Speaking at a conference Thursday in Mexico City, ambassador Arturo Sarukhan says it now appears "to be clear that the death was the result of a gunshot wound."

Alejandro Palacios, a spokesman for the neighboring Mexican city of Nogales, told The Associated Press on Wednesday that agents fired warning shots in the air after Barron Torres and other Mexican youths had illegally crossed the border.

Palacios said the youths then threw rocks at agents but none of them were shot. He said Torres, who lived in the neighboring Mexican city, died after he landed on Mexico's side of the fence.

Sonoran police said Torres' three companions left his body outside the emergency room of the General Hospital in Nogales on the Mexico side of the border at around 3 a.m. and then left in a vehicle with tinted windows.
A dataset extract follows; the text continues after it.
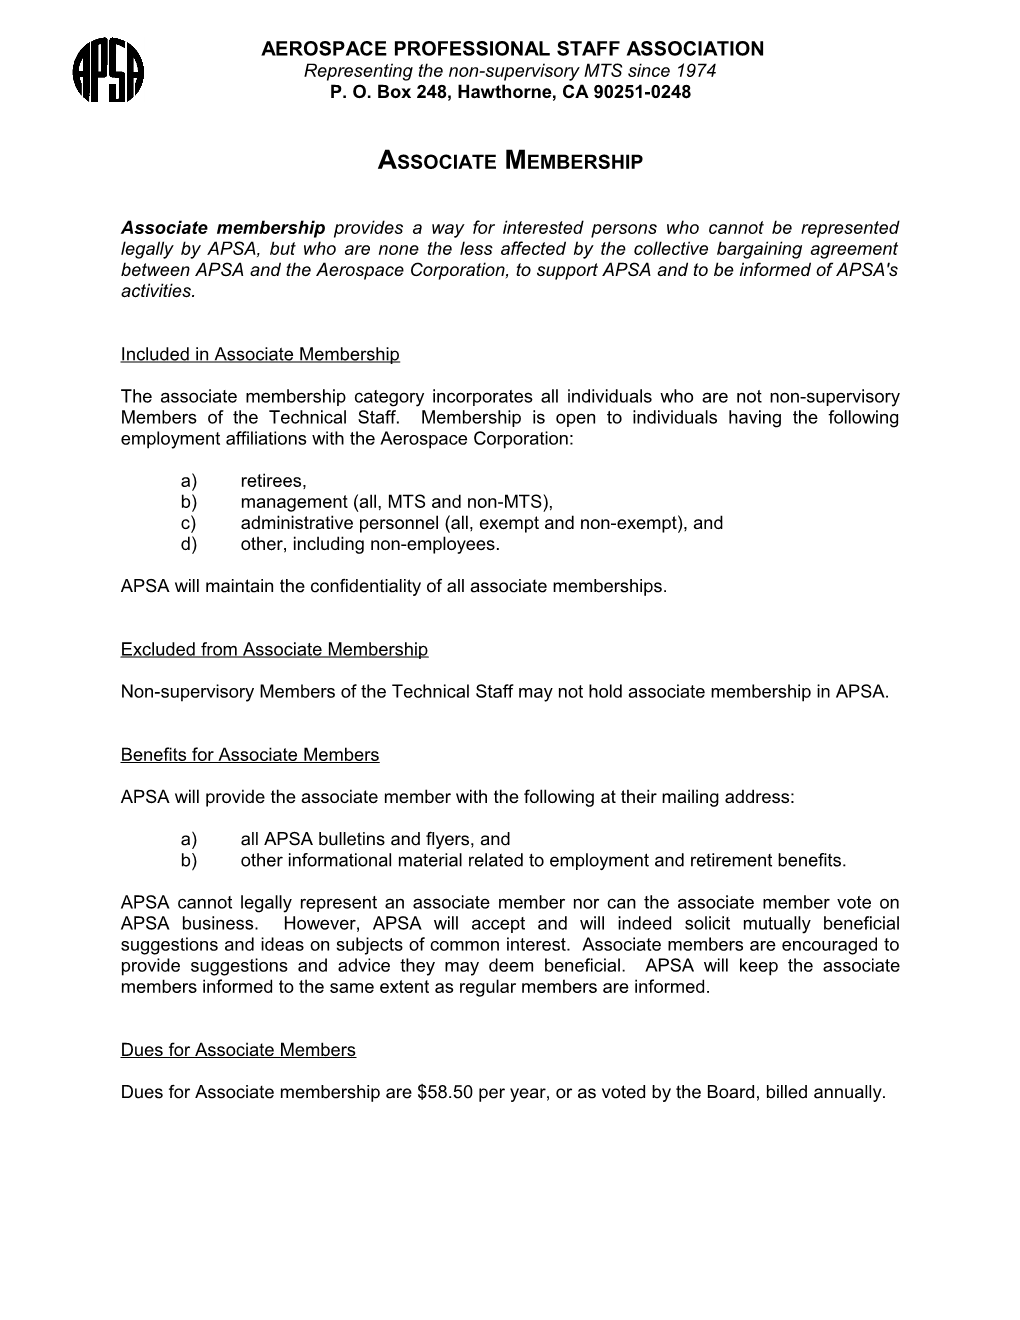 Associate Membership Invitation and Application

Before the unidentified companions left, they told hospital guards that Barron Torres had been climbing a border wall to enter the United States when a Border Patrol agent fired a single shot that hit the teen.

Story: Mexico cops allege U.S. Border Patrol shot teen

The state police statement said an autopsy determined the bullet had gone through Barron Torres' right arm and entered his chest, puncturing a lung.

While the victim's body had numerous scrapes and bruises — apparently caused by falling onto a gravel pile on the Mexican side — Sonoran police said the autopsy determined that the bullet wound was the cause of death.